CrowdStrike crisis shows need for transformation of tech management
Major tech outages have recently impacted customers and operations around the world – from banks to airports. Stephen Johnson, business IT expert and Founder and CEO of quality engineering consultancy, Roq, explains what companies can do to prepare for future outages.
The global IT outage affecting 8.5 million Windows PCs highlighted the vulnerabilities in the computer systems of some of the world’s largest companies and organisations. The failure, triggered by an update of CrowdStrike cybersecurity software, disrupted services and sectors including airlines, online transactions, cash machines, card payments for retailers like Morrisons and many high street banks. Even NHS GP and cancer-treatment appointments were cancelled.
The CrowdStrike crisis is not an isolated incident. Stephen Johnson, CEO and founder of Quality Engineering consultancy, Roq, says it is now imperative for companies and organisations to invest significantly more resources and effort into ensuring robust, future-proof systems underpin everything they do.
"The issues with CrowdStrike have been heightened due to it being a cybersecurity product. However, it didn’t cause a security breach. The real challenge is that operating systems like Windows, security platforms, and sensitive data are akin to the skeletal frame of a human body or the core infrastructure of society. When compromised, it has a devastating effect.”
Founded in 2009, Roq is an outcomes-focused quality engineering consultancy. The firm works with some of the world’s largest organisations on their most important technology initiatives, and aims to help organisations to realise the benefits of high-functioning, high-quality software applications delivered at a pace that aligns with their business imperatives.
According to Johnson, over the years, Roq has witnessed how “a lack of investment in core infrastructure” – including schools, roads, trains, and the NHS – has long-term impacts. Prevention is always better than a cure, though, and certainly cheaper – with taxes increasing to address these issues. Looking ahead, technology infrastructure also has to be considered this way.
“Despite being a substantial part of organisational budgets, technology is similarly feeling the impact of long- term underinvestment,” Johnson notes. "Unfortunately, in a competitive commercial landscape, speed often takes precedence over quality. However, in critical infrastructure like CrowdStrike, neglecting quality can lead to significant repercussions. As AI becomes increasingly prevalent, the associated risks will only grow. You can tell when a piece of code doesn’t work, but how will you know when an algorithm is truly working as it should?
“We’ll probably never know what validation took place at CrowdStrike when someone decided to go live with this code. But the assumption is that something was missed, unplanned for, or a defect was ignored. Each of these possibilities indicates a significant oversight in Quality Assurance, which lead to severe consequences for millions of people across the globe on Friday. Until the quality of technology is seen as a serious risk factor at board level, we’ll continue to encounter these issues.”
Like most significant issues, then, this could be an early symptom of what is to come.

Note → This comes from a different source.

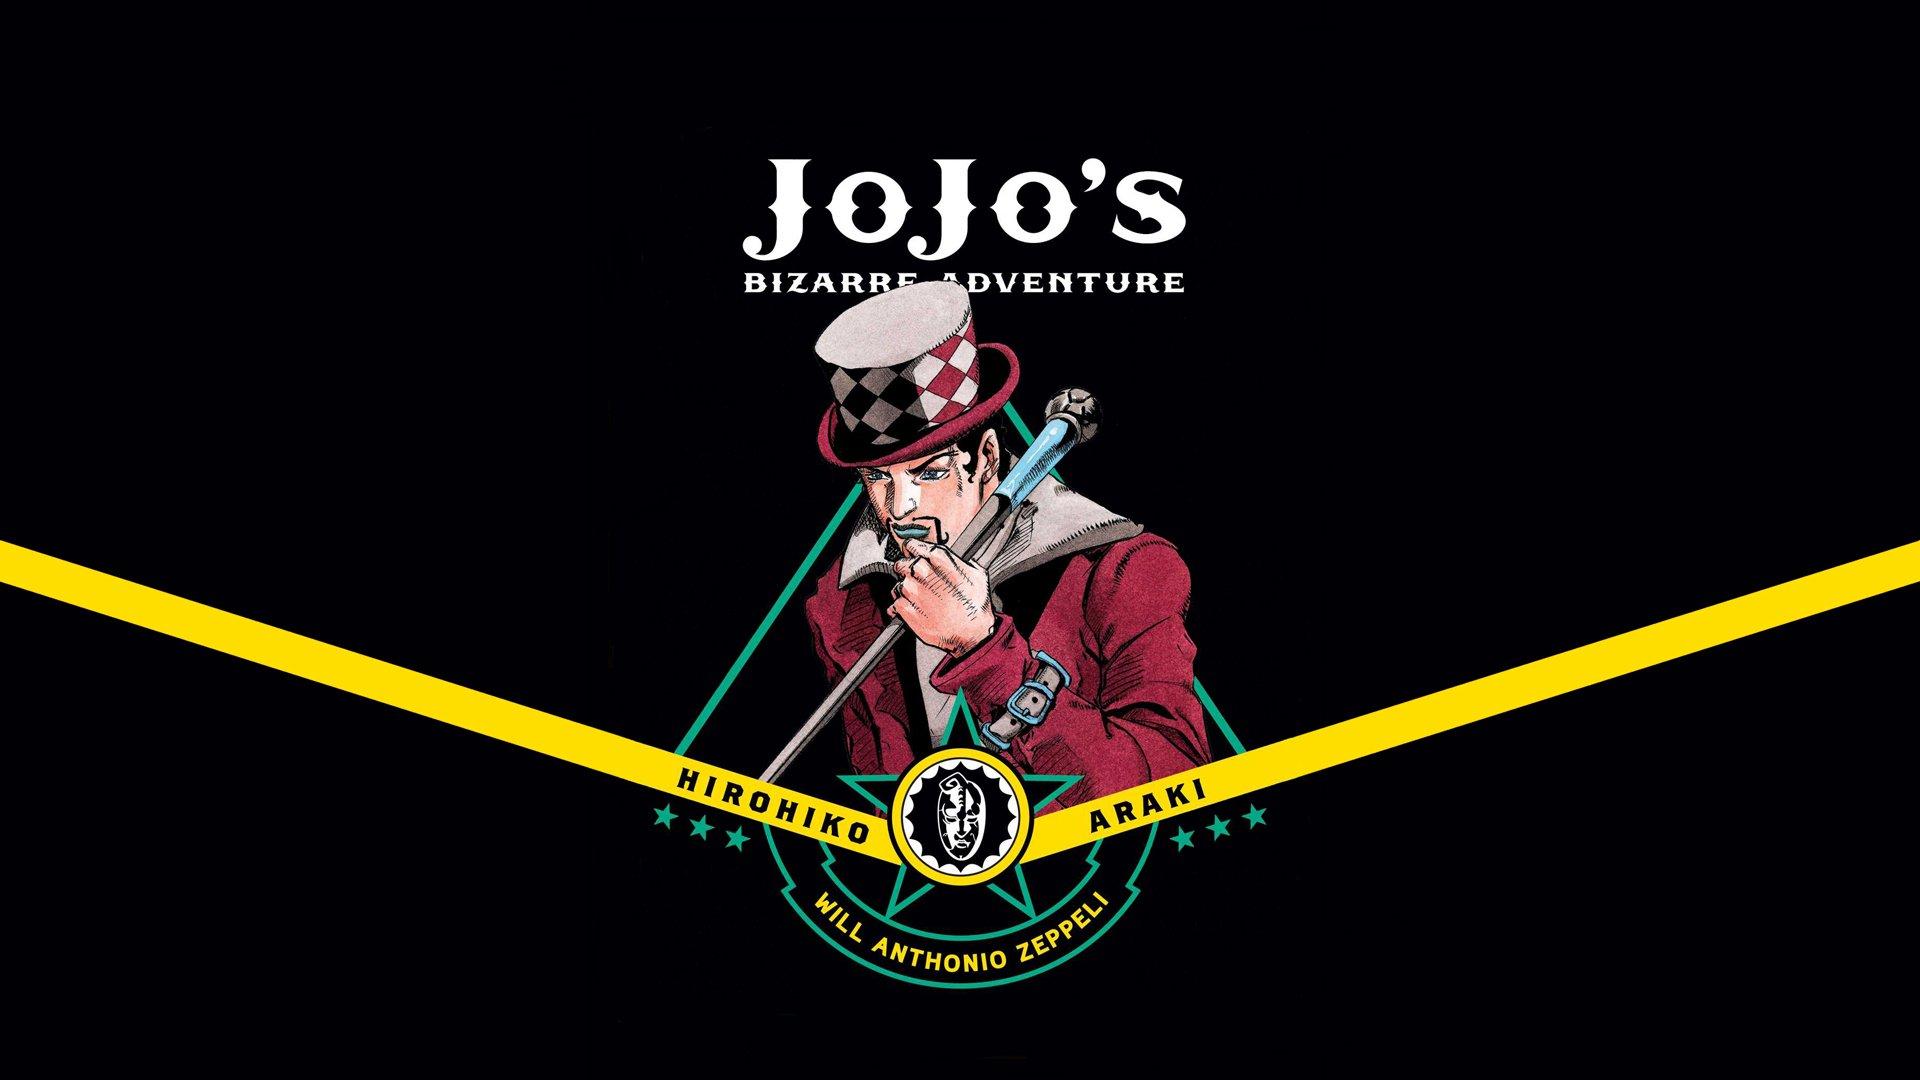 Jojo's Bizarre Adventure Full HD Wallpaper And Background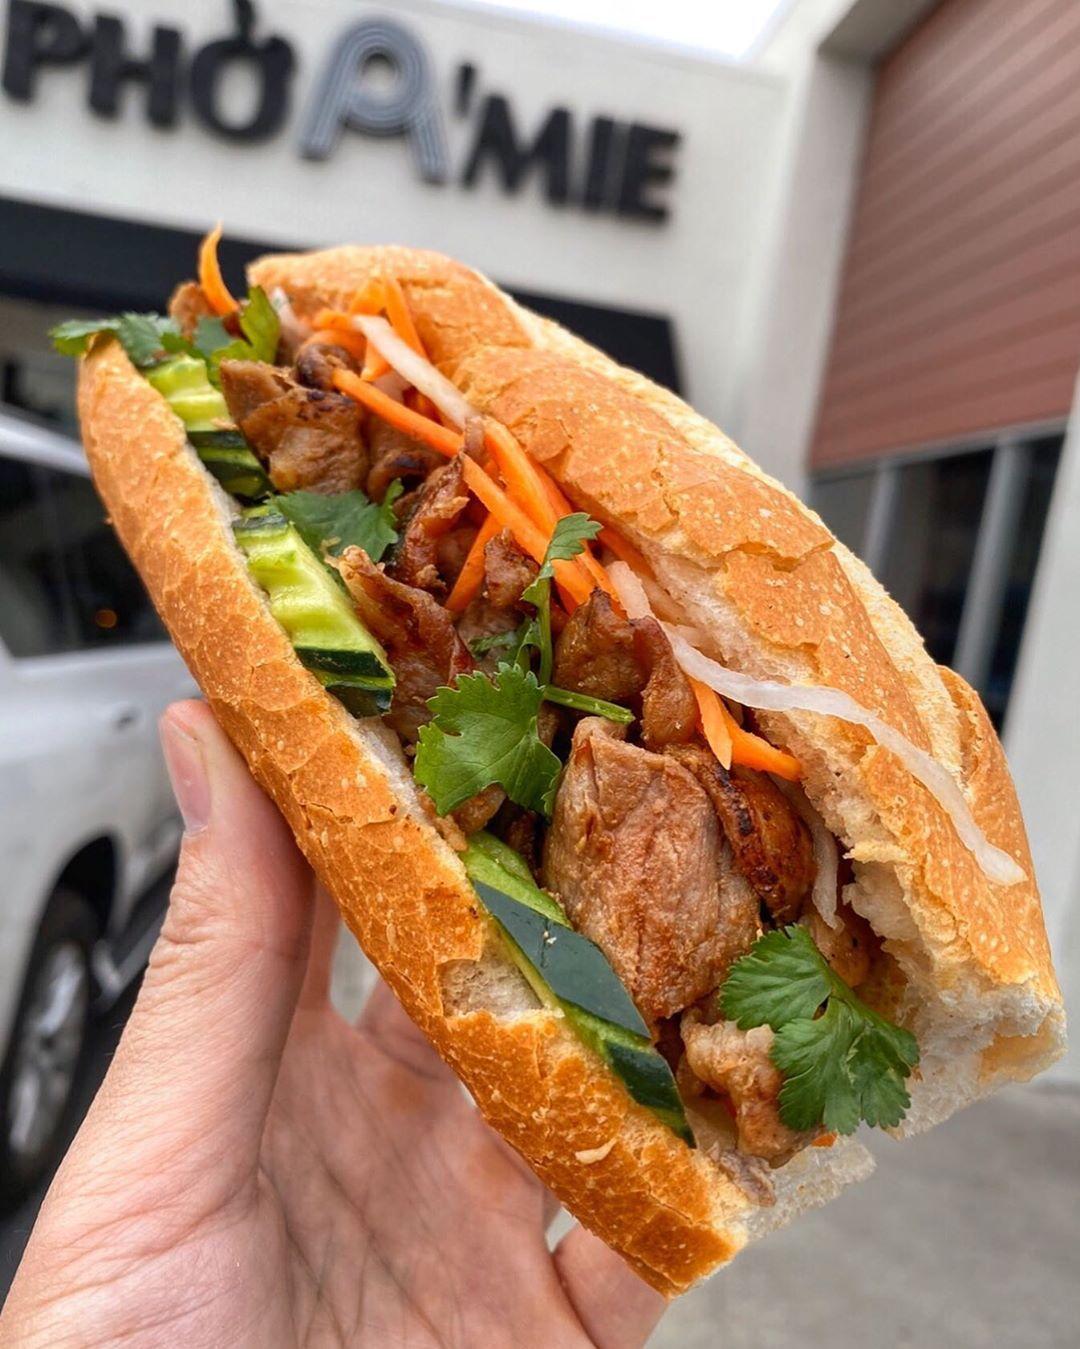 98 Likes, 3 Comments - Pho Amie Vietnamese Cuisine

But what can organisations do to address those issues as quickly as possible? According to Johnson, there are “plenty of steps to take”.
Some quick steps to improve quality engineering and system robustness include automated systems testing, to identify weaknesses throughout the development cycle. Organisations might also seek to analyse their systemic robustness with stress testing to validate potential failure points for quick fixes.
But some things will take time and commitment. Johnson recommends not just the prioritising of a long-term investment into technology, making sure ongoing upgrades and maintenance are continuously upheld – but to oversee cultural shifts. Valuing quality over speed will “reduce the likelihood of costly errors and outages”, while encouraging collaboration across an organisation can help futureproof a company’s technology systems holistically.
He concludes, “By addressing these areas, organisations can better protect themselves and their customers from the significant risks posed by technology failures. The CrowdStrike incident is a serious reminder of the importance of robust Quality Engineering in our increasingly technology-dependent world.”